The NIST-compliant RNG claim is also defo wrong, since NIST never certifies CryptGenRandom per application, compliance depends on mode, provider, and configuration


## 🛡️ Unbreakable Security Architecture

You can't ever claim anything like this is unbreakable. Password-based encryption is only as strong as the password. Also malware, memory scraping, keyloggers, debugging, or side-channels are out of scope. No serious crypto system claims "unbreakable".


- **CBC Mode** - Industry-proven cipher block chaining for maximum compatibility

AES-CBC is legacy, not misuse-resistant and requires flawless MAC-before-decrypt discipline. Something like GCM, ChaCha20-Poly1305, or AES-SIV are objectively safer nowadays. And yeah, CBC+HMAC is acceptable, but calling it superior or best practice in 2026 is misleading.

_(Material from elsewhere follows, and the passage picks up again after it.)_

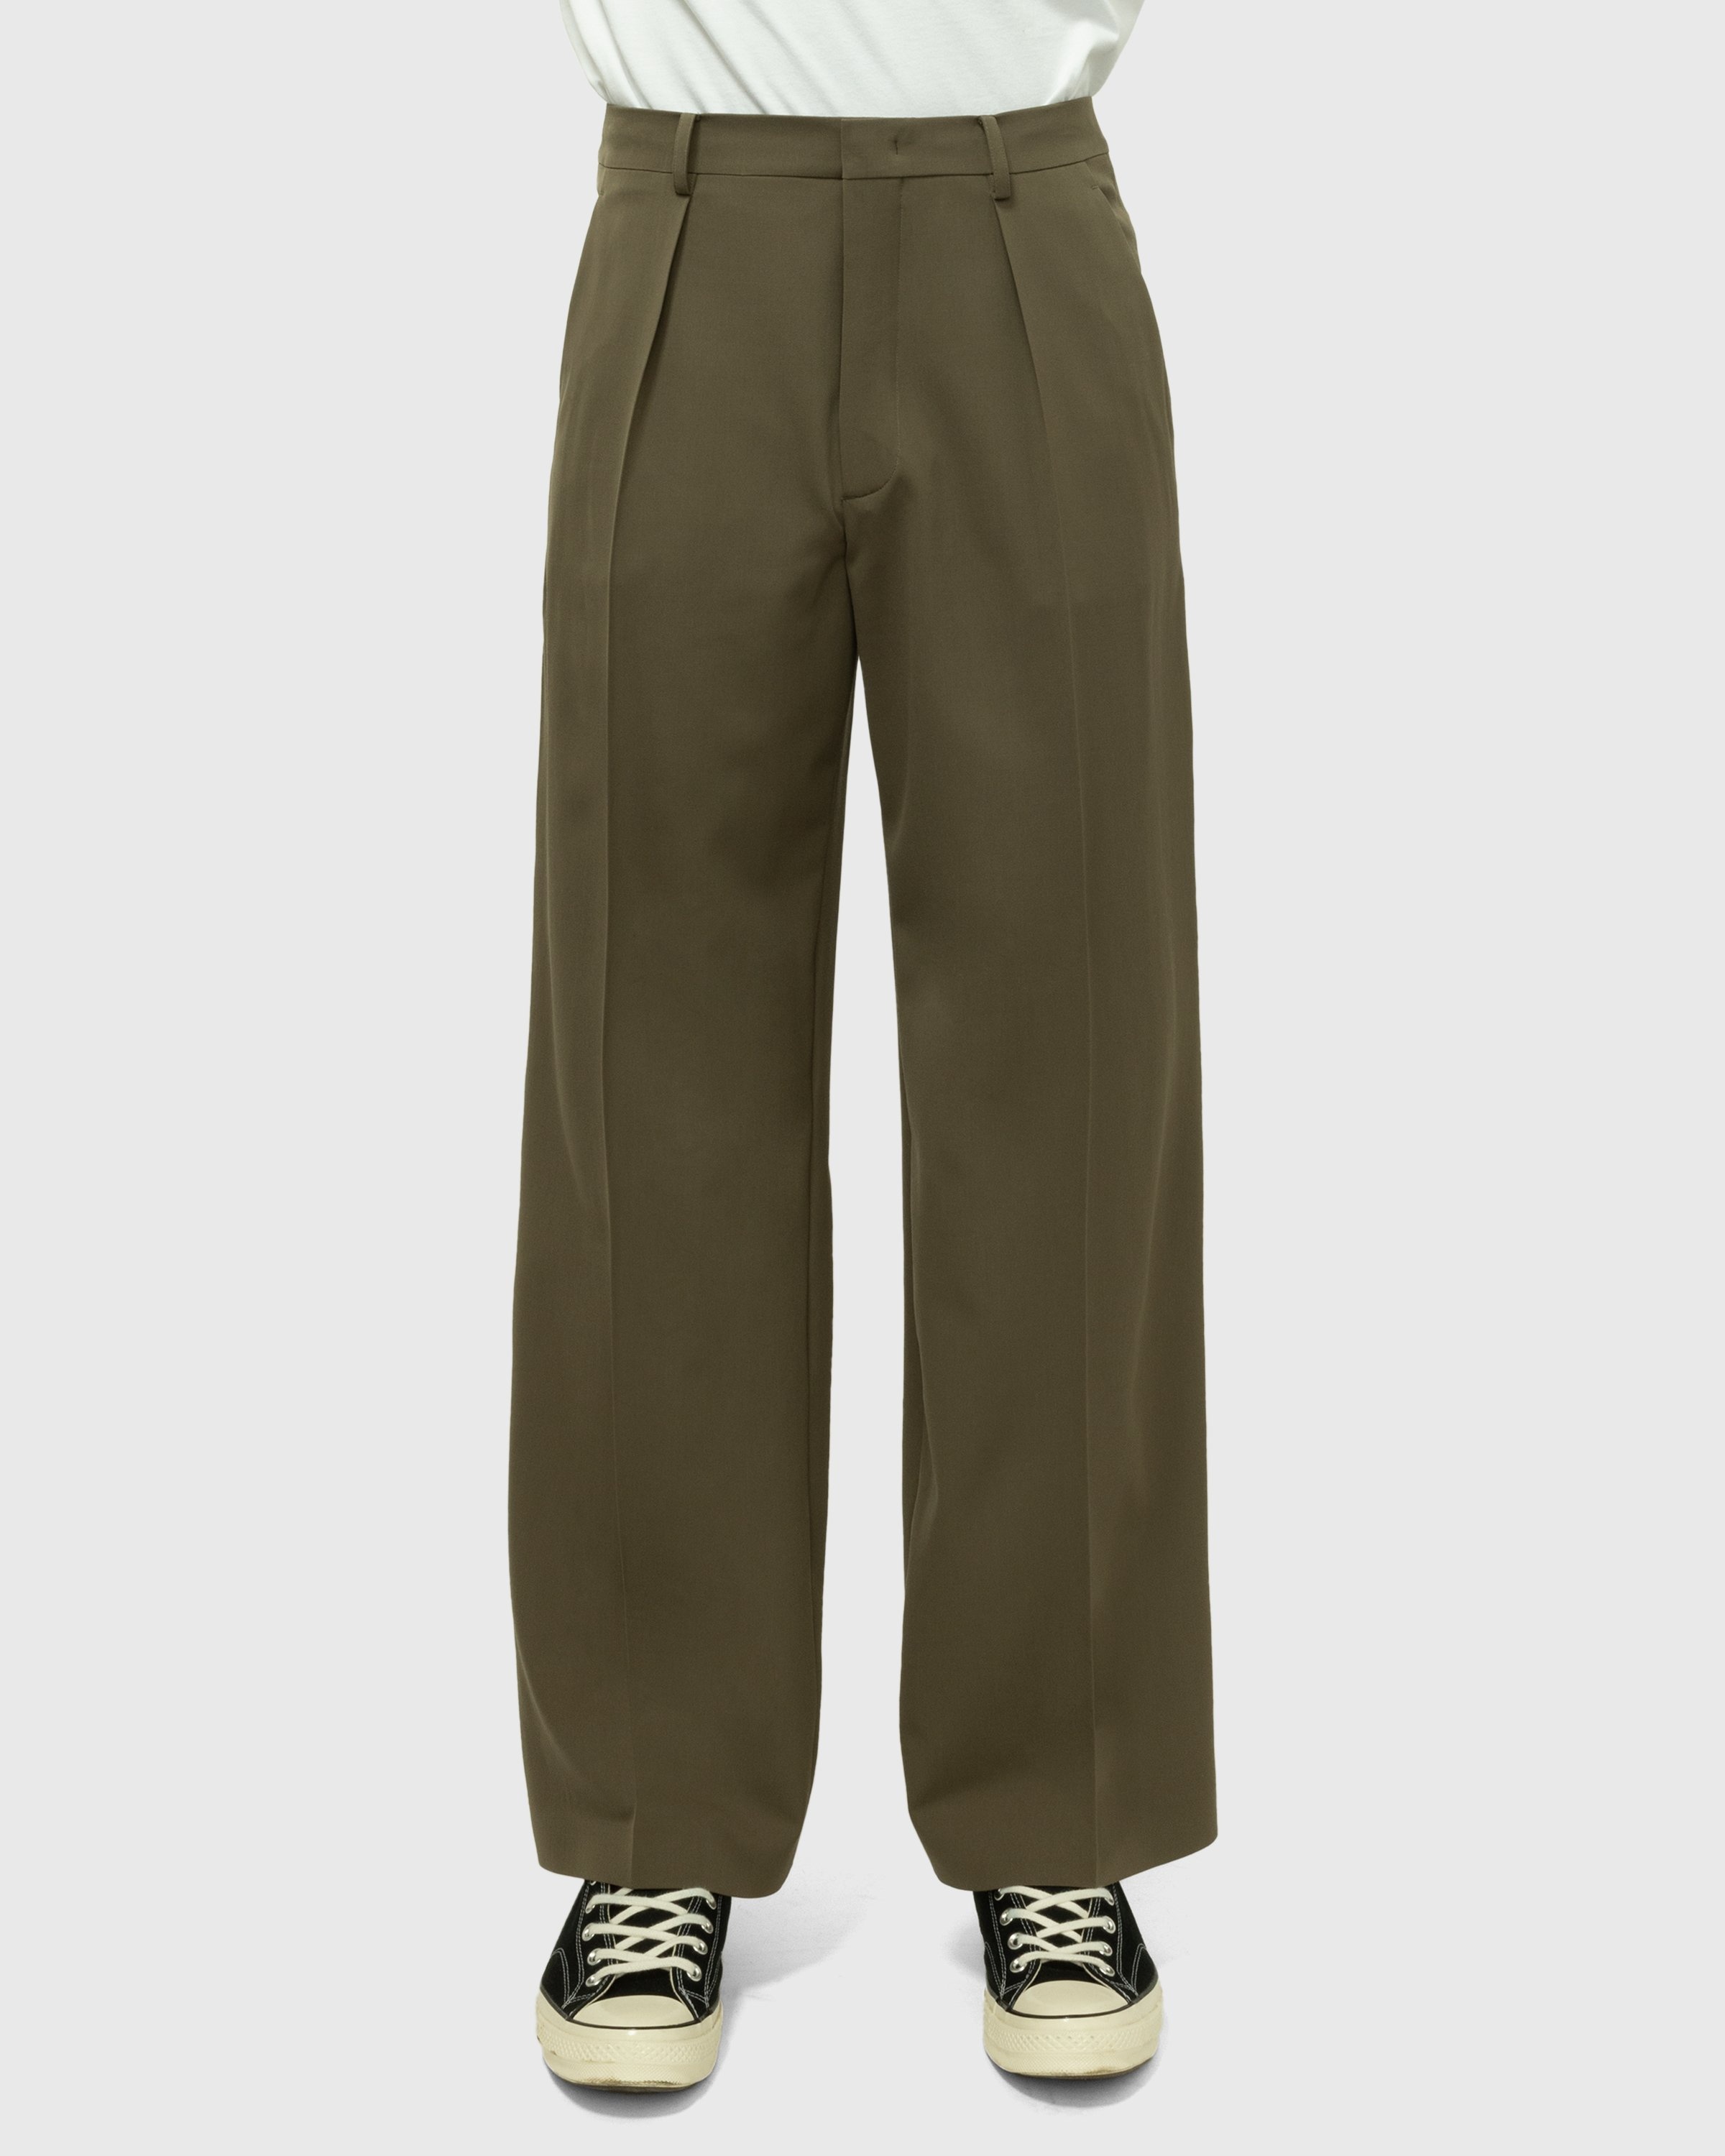 Jean Paul Gaultier – Classic Woven Trouser Khaki - Trousers - Brown - Image 2

- **600,000 iterations** - Meets OWASP 2024 guidelines, making brute-force attacks computationally infeasible

I could be wrong here, but isn't PBKDF2 very GPU-friendly. And 600k iterations is very feasible, esp for weak passwords. Why not use Argon2id instead. Maybe just say that it raises the cost of brute-force attacks, not makes them infeasible.


- 8 characters = **95^8 = 6.6 quadrillion possible combinations**

This is a classic crypto fallacy. Policy requirements don't mean uniform entropy, and humans almost never choose passwords randomly. Entropy is not keyspace maths.


**ZeroShadow** is not just another encrypted notepad—it's a revolution in personal data security. Every file you create is a completely standalone, self-executing encrypted application that requires no installation, no external software, and leaves zero traces on any system.

fr??? Currently you're only supporting Windows. And deliverying via a Win .exe

Windows executable loading leaves LOADS of traces. Think prefetch entries, memory artifacts, pagefile risk (VirtualLock is not guaranteed) and course all the AV telemetry, crash dumps and anything else running at a low level.